Natural Set Theory: An Ultimate Foundation for Mathematics

The revolution in mathematics is that of set theory, which responds both to the problem of a universal and rigorous conceptual language and to that of a single foundation for all mathematical disciplines. Although set theory was Cantor’s original work, the limitations of the initial theory led to a sophisticated, axiomatic version, written in the formal logic of the early 20th century. We are thus accustomed to thinking that the ultimate foundation of mathematics lies in a formal axiomatic theory that distances us from the intuitive simplicity of the concept of set and from everyday mathematical practice. This is in fact not the case, and by learning from axiomatic set theory and simply analysing its own logical presuppositions, it is possible to reconstruct an intuitive, natural and rigorous foundation for the whole of mathematics.

The concepts discussed in this article are taken from the scientific publication Natural Set Theory: An Ultimate Foundation for Mathematics.

1 The advent of set theory

1.1 Axiomatic set theory

Axiomatic set theory is one of the major mathematical and scientific achievements of the 20th century, and of the history of science in general. Since the advent of this very particular branch of mathematical logic, which developed in close relation to it, set theories such as ZF (‘Zermelo-Fraenkel’, named after the mathematicians Enrst Zermelo and Abraham A. Fraenkel) or ZFC (‘ZF’ with the added axiom of choice), with possible additions or modifications, are today considered by a vast majority of mathematicians as a satisfactory ultimate foundation for all mathematics, classical and modern.

1.2 The limits of Cantor’s intuitive theory

Now, these axiomatic theories are refinements of Georg Cantor‘s set theory, the father of the discipline and the inventor of a revolutionary intuitive theory that nevertheless suffered from a number of fatal flaws. Among these, certain paradoxes linked to ‘self-reference’ were brought to light, first by Cantor himself and then by other mathematicians. These include Russell’s paradox (there cannot be a set of all sets), Burali-Forti’s paradox (there cannot be a set of all ordinal numbers) and Cantor’s paradox (there cannot be a set of all cardinal numbers). Moreover, an intuitive theory of sets does not allow the question of their definition to be dealt with mathematically.

1.3 The contribution of formal mathematical logic

So it was thanks to predicate calculus, a kind of ABC of nascent mathematical logic, that it was possible to build a set theory free of these restrictions. This ‘first-order logic’ provides a rigorous mathematical description of both simple mathematical ‘structures’ and the ‘language’ used to describe them. Like polynomial theory, of which it is an analogue, it provides a representation of the linguistic objects used in mathematics and their relationship to the mathematical objects they denote. It is therefore possible, thanks to formal logic, to take Cantor’s ‘naive’ – i.e. intuitive – theory and treat it as a mathematical object in its own right, whose syntactic formations and meanings we control.

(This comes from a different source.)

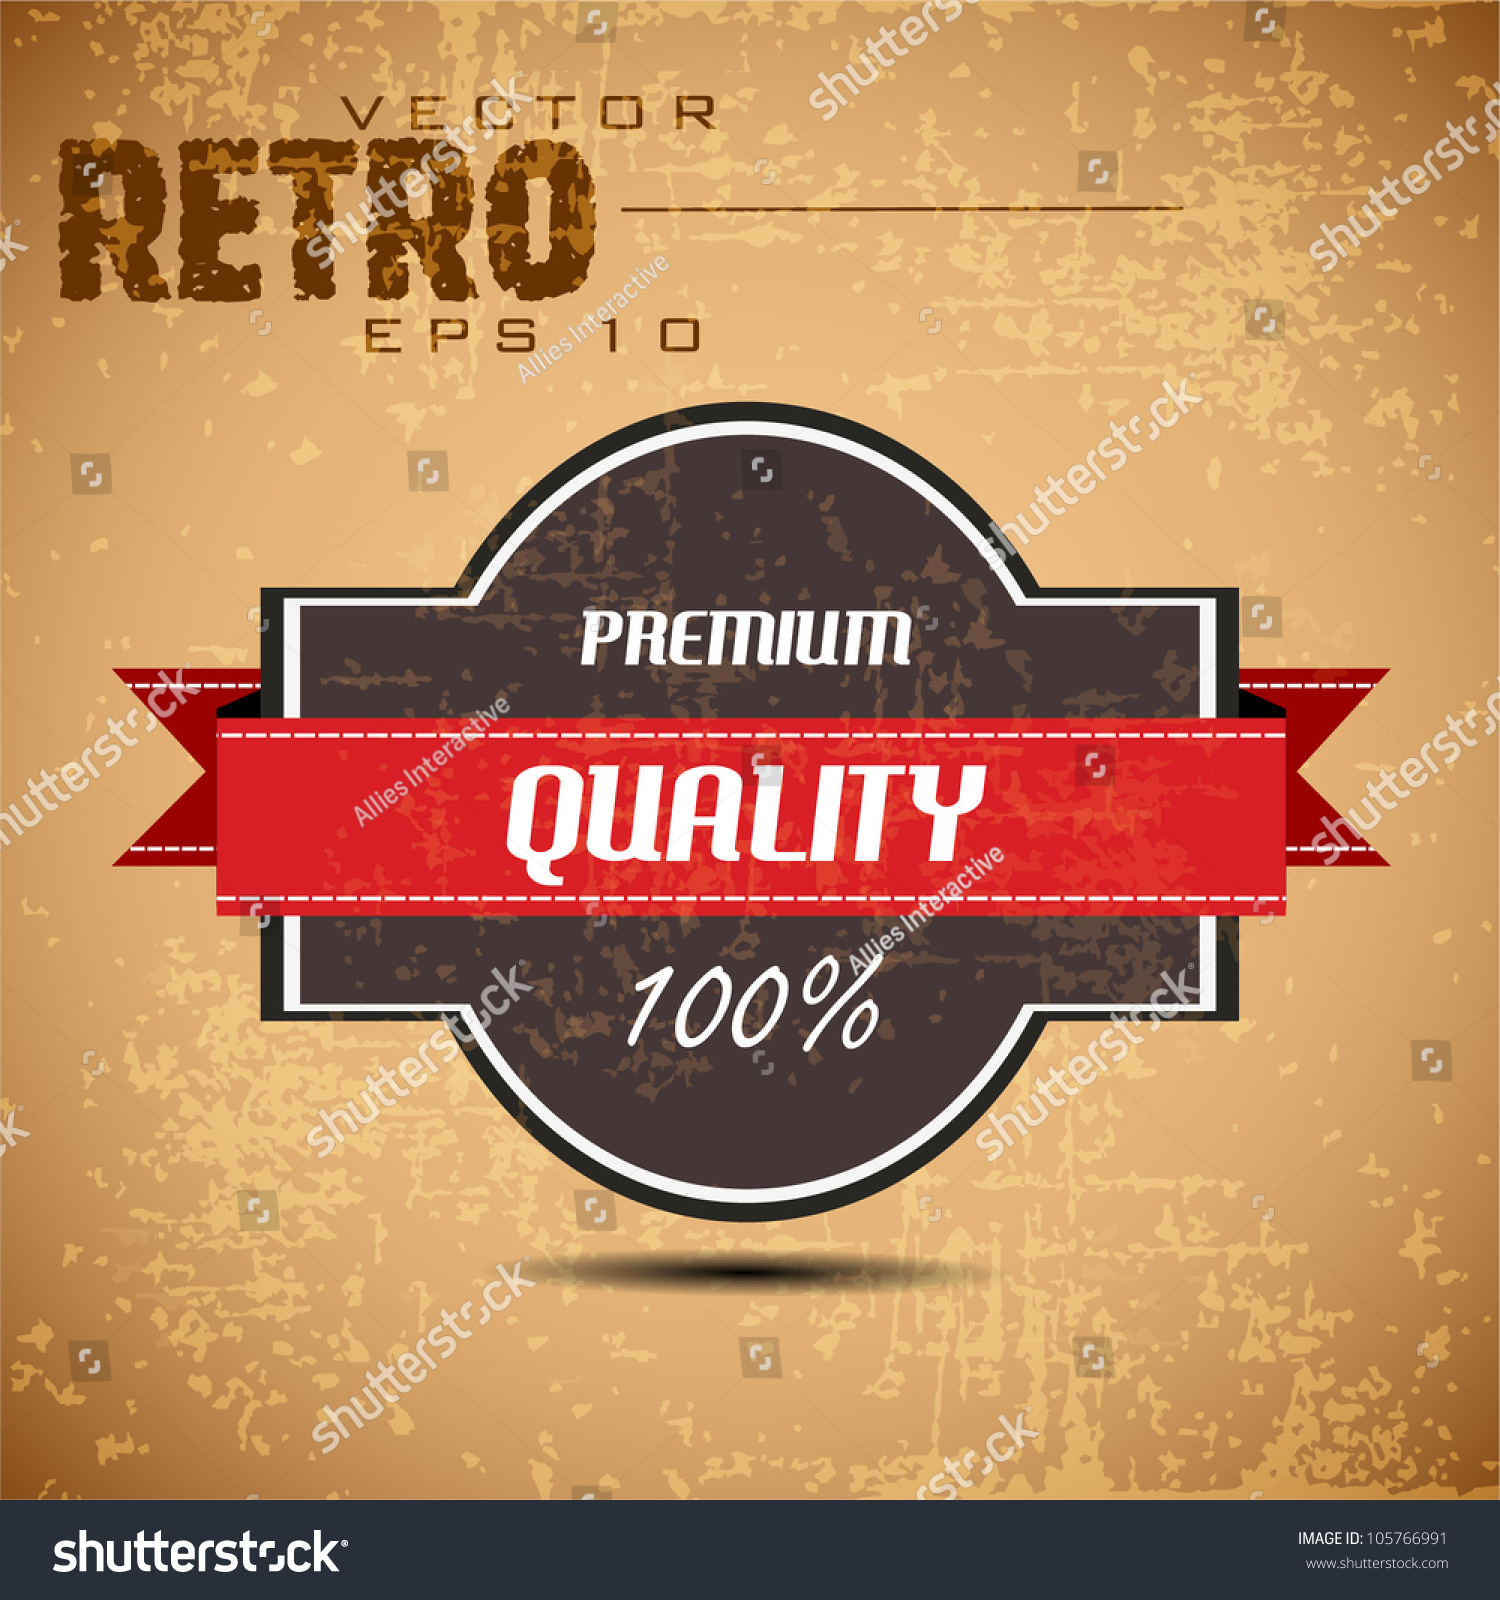 Old Brown Color Retro Vintage Grunge Stock Vector HD (Royalty Free ...

2 The problem of the foundations of mathematical science

2.1 The relationship between formal theories and an intuitive basis

Yet predicate calculus itself is a mathematical theory, based on the very notion of set, and must therefore be founded on an intuitive set theory. It might seem that there is a certain circularity here; however, the sets of the axiomatic theories written in first-order logic are not the sets of the intuition on which the latter is based: they are elements of certain ‘models’ of these theories. Thus, formal axiomatic theories such as ZF or ZFC, and all those of this type, cannot in themselves represent an ultimate mathematical foundation, i.e. one beyond which it is not possible to go back, because they rest in the final analysis on an intuitive basis which they cannot replace.

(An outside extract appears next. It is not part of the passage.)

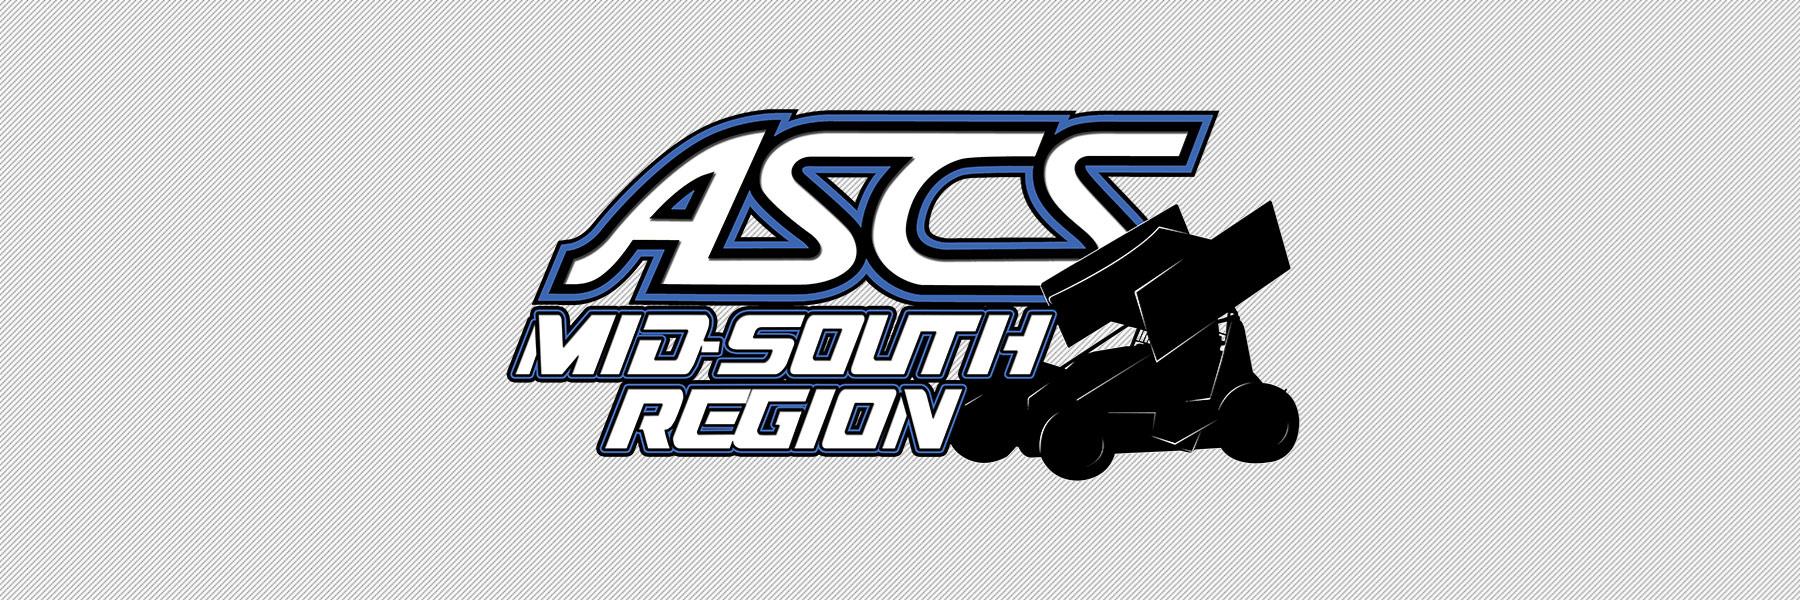 ASCS Mid-South Region

2.2 The metamathematical interest of formal theories

That being said, axiomatic set theory has a number of advantages. On the one hand, it has greater expressive power than naive set theory. For example, it can be used to define all the ordinal and cardinal numbers in each ‘universe’, as well as a cumulative hierarchy of sets, and to formalise mathematical definitions in general, so that their relationship with the sets they describe can be conceptualised. On the other hand, the mathematical treatment of axioms and theories themselves makes it possible to study in a scientific way questions of independence of certain axioms (whether or not they are determined by the rest of the theory) or questions of relative consistency (is the addition of one or more axioms to a theory – logically – consistent with it?). These are sometimes referred to as ‘metamathematical’ questions, which are difficult or even impossible to tackle using an intuitive approach.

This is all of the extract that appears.